Now the third largest athletic footwear company in the world, Skechers was founded more than thirty years ago in Manhattan Beach, California. After being purchased by 3G Capital for $9 billion, now it’s poised for a radical transformation. This deal will take Skechers private, marking a new chapter for the company as it continues to navigate the competitive footwear market. Skechers’ acquisition agreement was preliminarily approved unanimously by Skechers’ board of directors. It’s scheduled to close in the third quarter of this year.
According to the terms of the deal, 3G Capital will acquire Skechers at a price of $63 per share. The 950p price also represents a 30% premium to the company’s 15-day volume-weighted average share price. This premium speaks to 3G Capital’s belief in Skechers’ brand power, growth trajectory and long-term market worth.
Robert Greenberg is the longtime Chairman and CEO of Skechers. Even after that deal is done, he’ll remain in place. He’s an optimistic guy once again running the company with his great management team right now.
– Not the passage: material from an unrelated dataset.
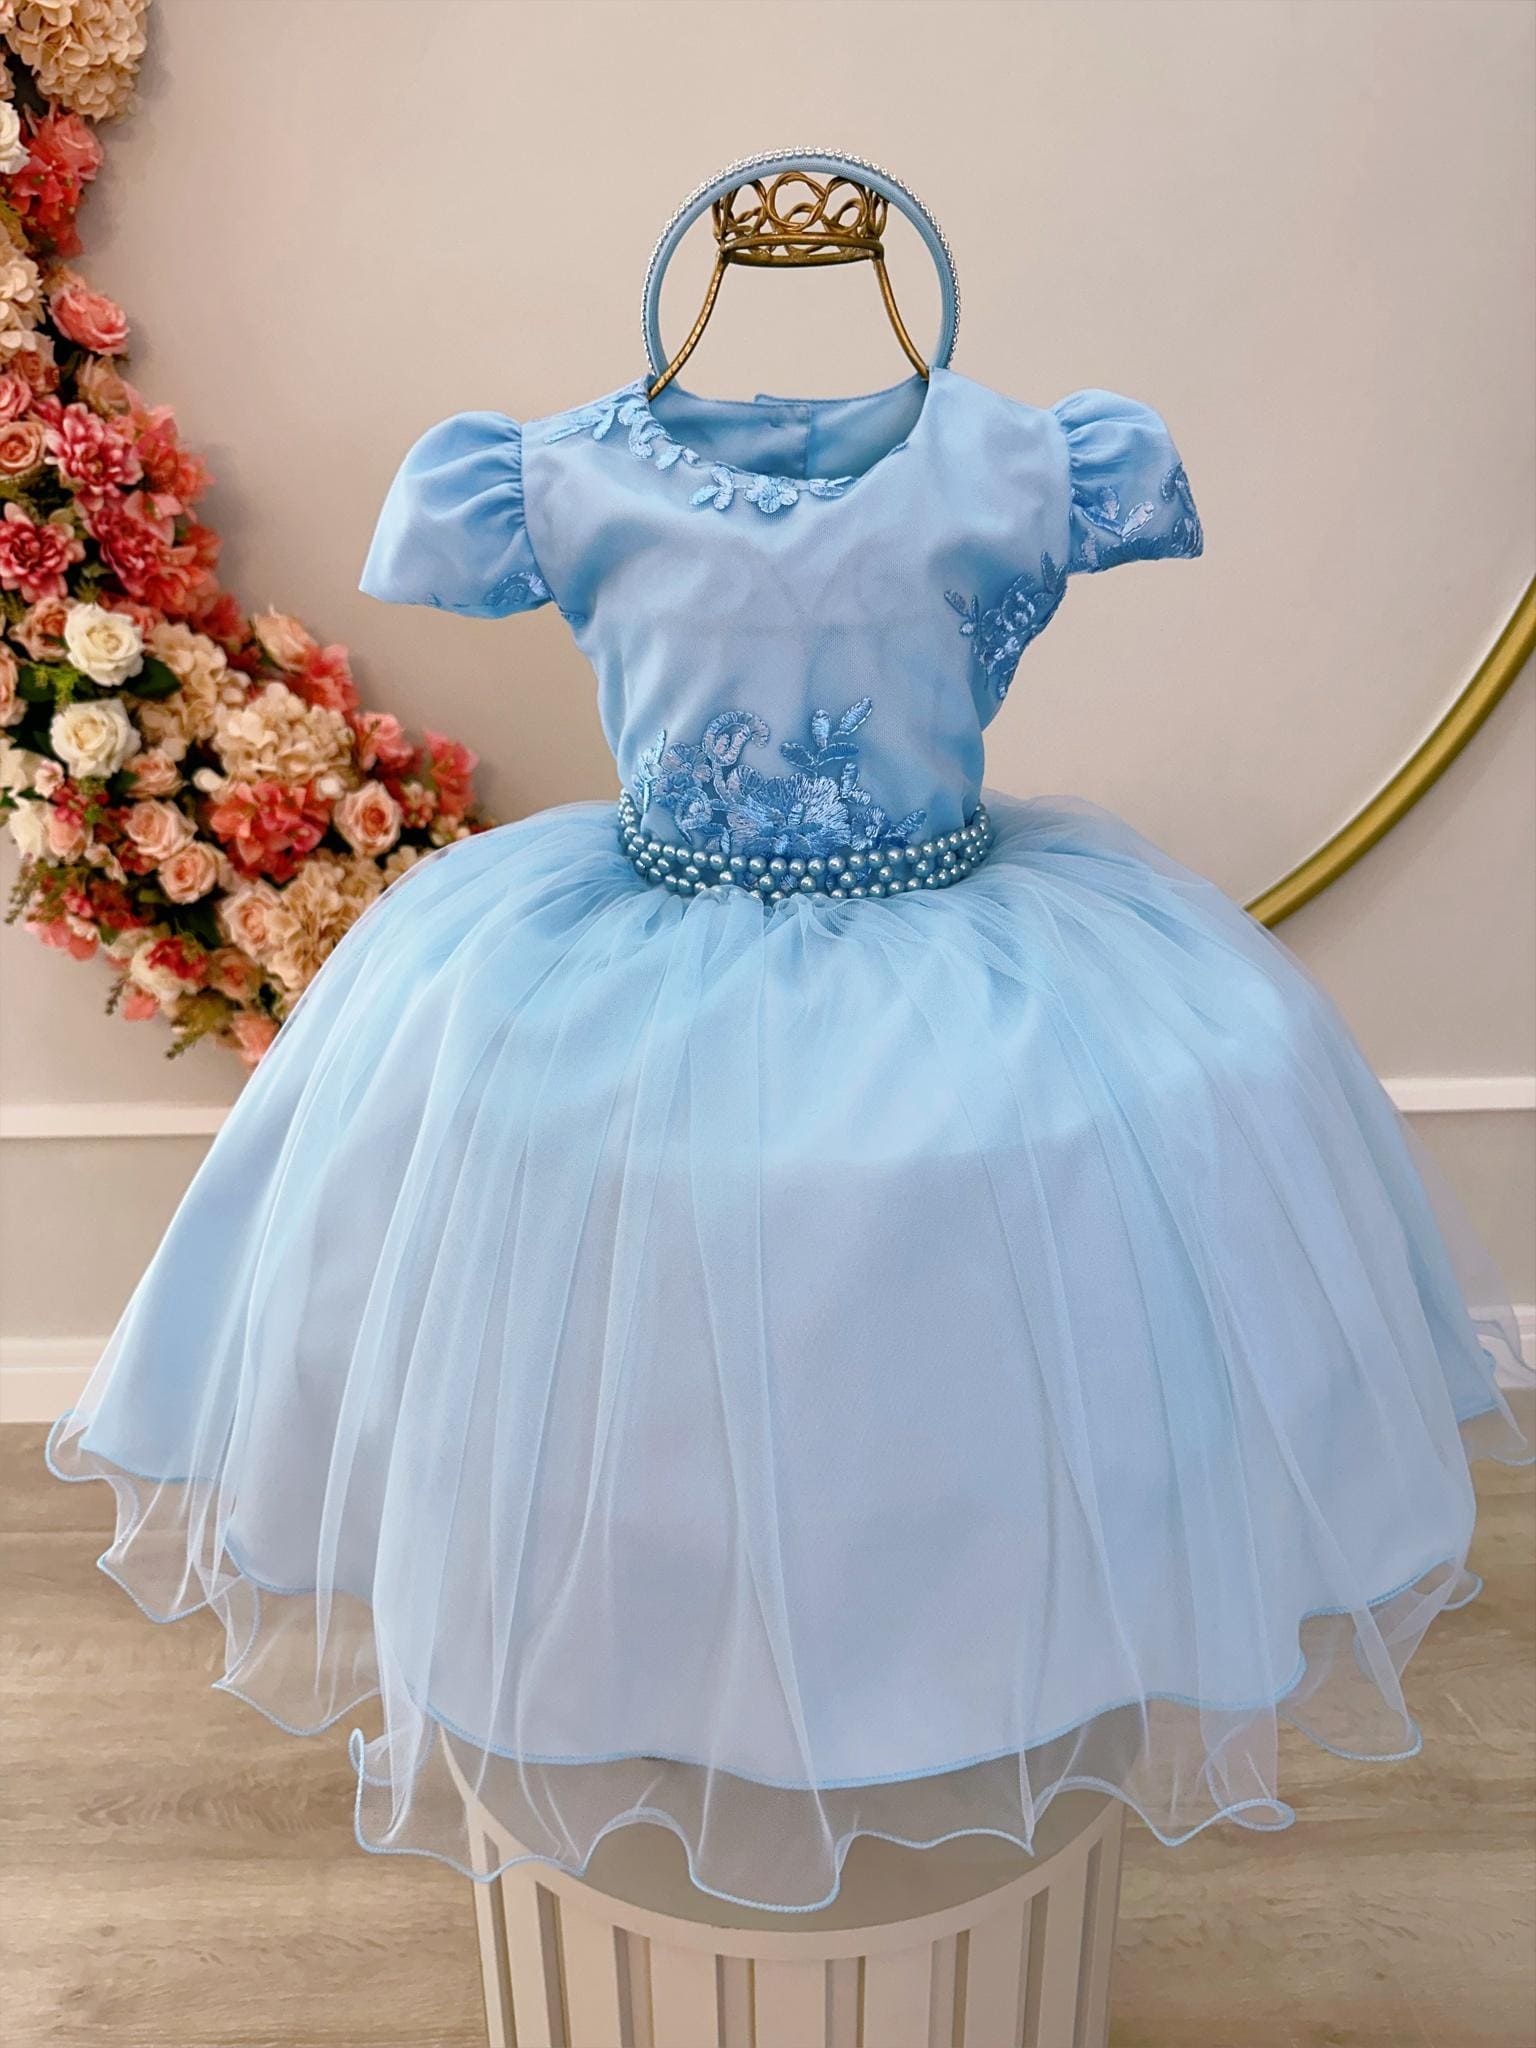 Vestido de Festa Infantil Moderno Daminha Azul Claro

This level of stability at the executive level helps provide stakeholders with a sense of confidence. It provides a bridge to continuity as Skechers looks forward under private ownership.
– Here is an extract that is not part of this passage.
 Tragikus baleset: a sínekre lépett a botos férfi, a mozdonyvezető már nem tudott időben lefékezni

Skechers has always been proud to have its HQ in Manhattan Beach, California since its founding in 1992. The company’s future will remain deeply rooted there for decades to come. The footwear brand really stood out with their creative designs. Its unique product mix helps improve its competitive positioning, complementing its established market stronghold.
3G Capital, the smart-money investment firm known for some of the savviest retail acquisitions on record, is counting on Skechers’ successful brand presence. A central tenet of their strategy is improving operational efficiencies. The firm’s consumer-oriented business management experience resonates with Skechers’ leadership team and recent expansions as outlined by Skechers’ long-term plans.